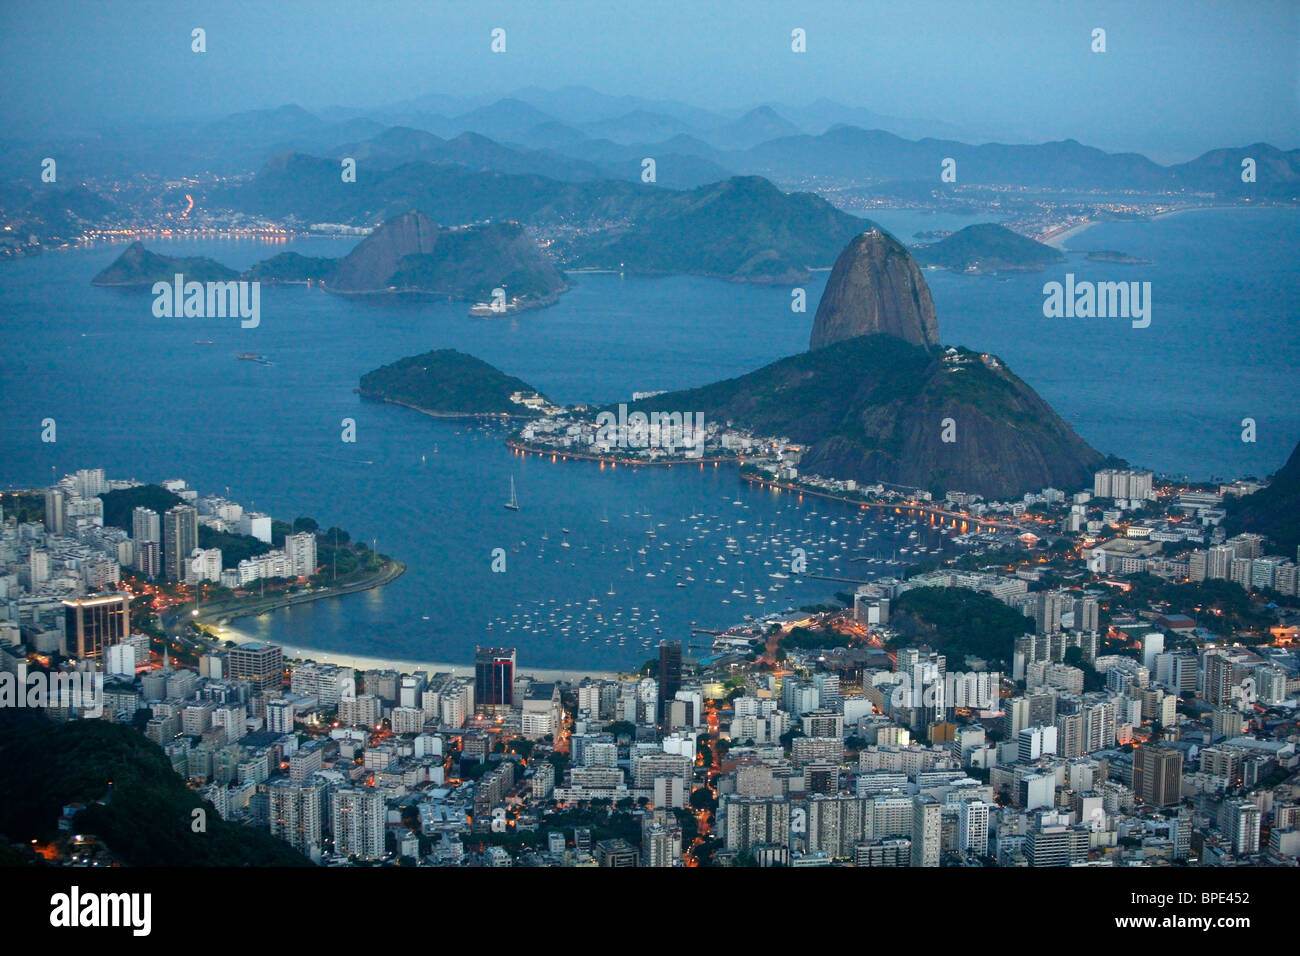 View of the Pao Acucar or Sugar loaf mountain and the bay of Botafogo, Rio de Janeiro, Brazil. Stock Photo
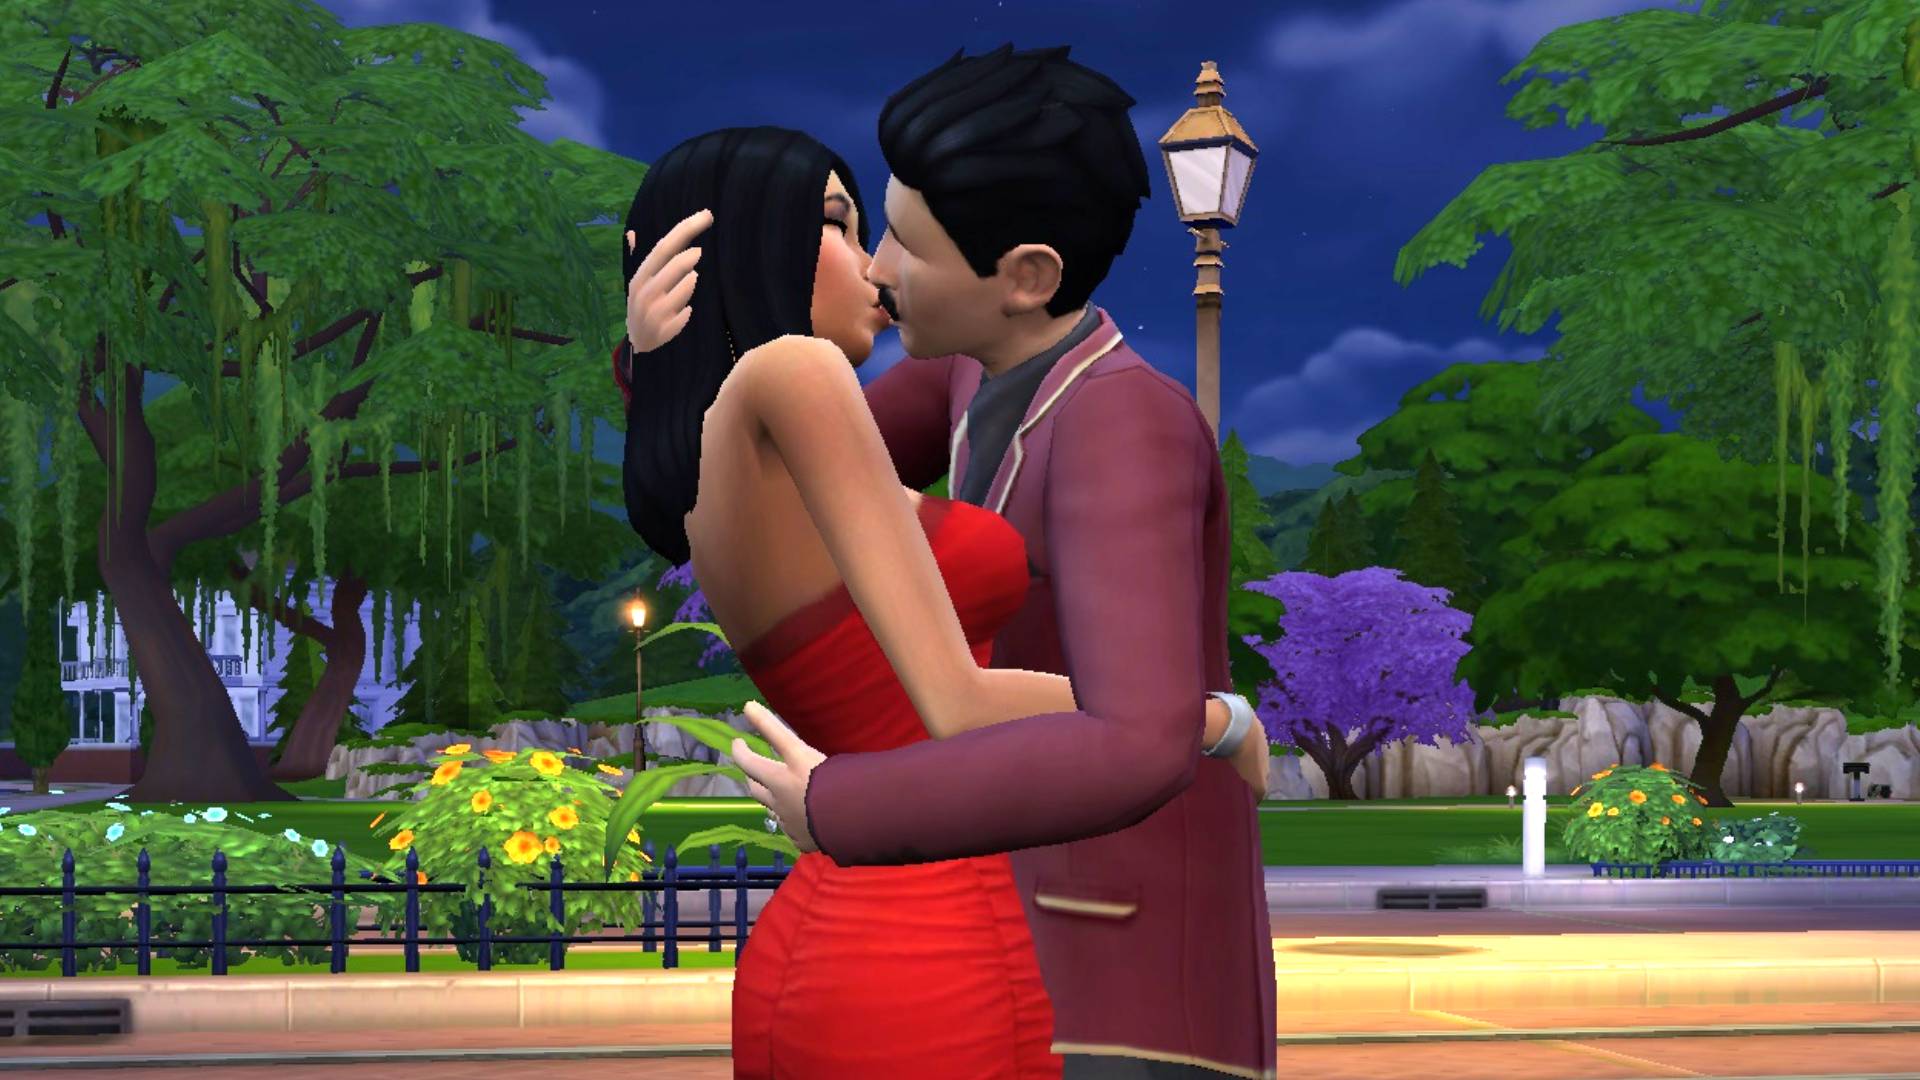 Sims 4 incest mod
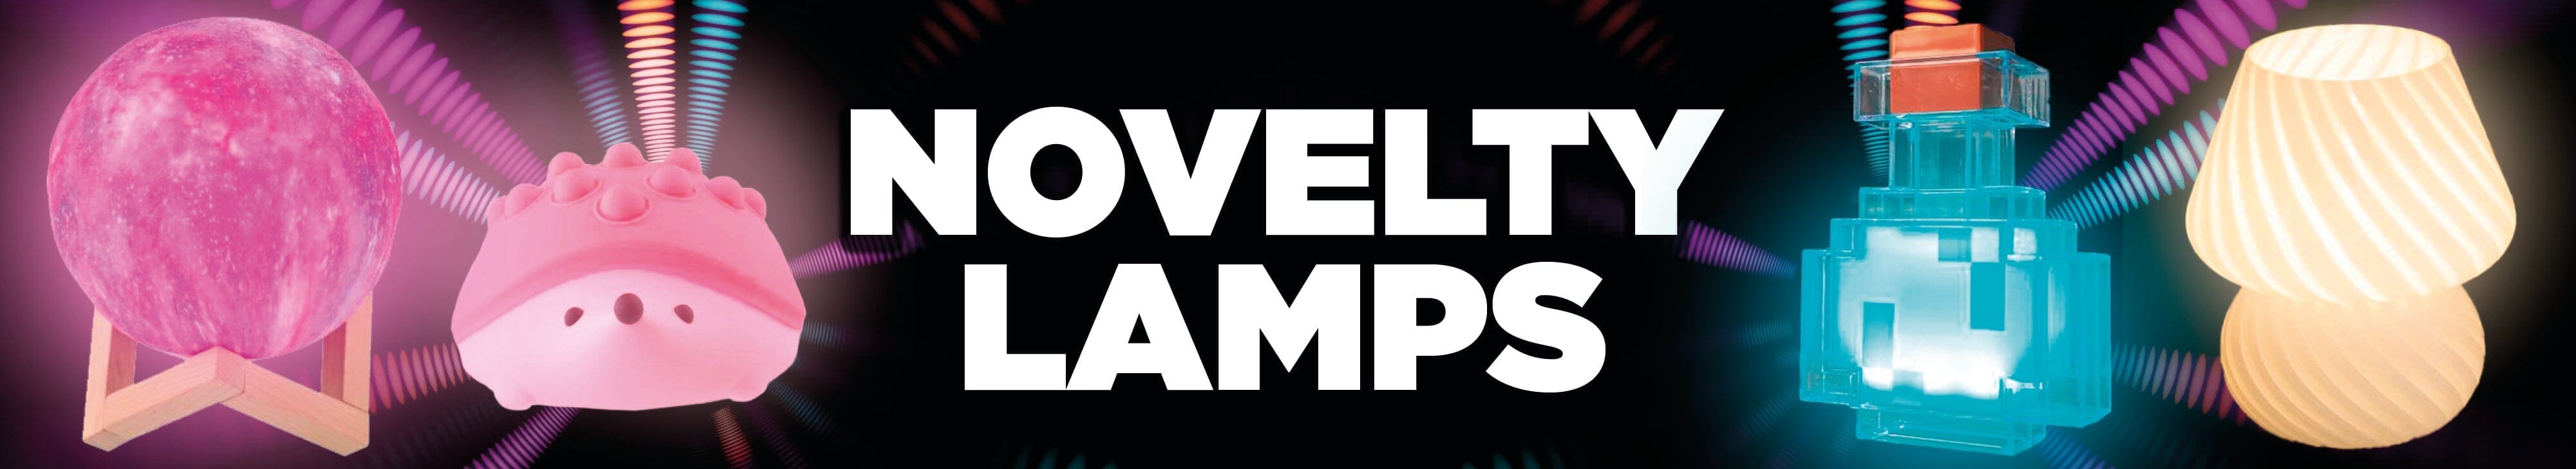 Novelty Lamps
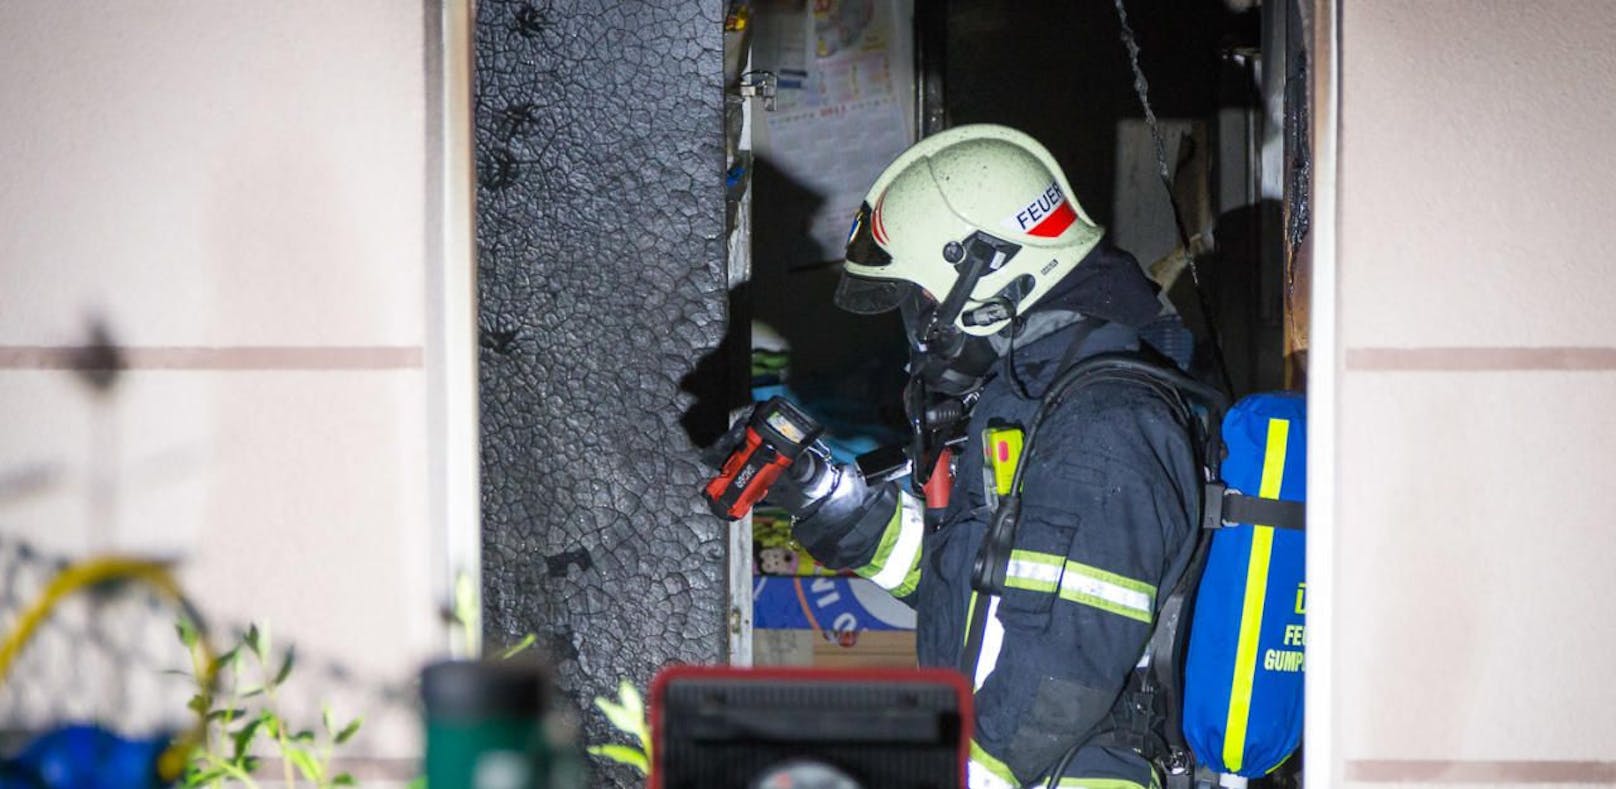 Brand in Küche: Vater rettet Frau, Kinder & Baby
━━━━
▸ Task brief:
Copy the data exactly. Any picture it contains is to be omitted.

▸ Final answer:
 View of the Pao Acucar or Sugar loaf mountain and the bay of Botafogo, Rio de Janeiro, Brazil. Stock Photo
 Sims 4 incest mod
 Novelty Lamps
 Brand in Küche: Vater rettet Frau, Kinder & Baby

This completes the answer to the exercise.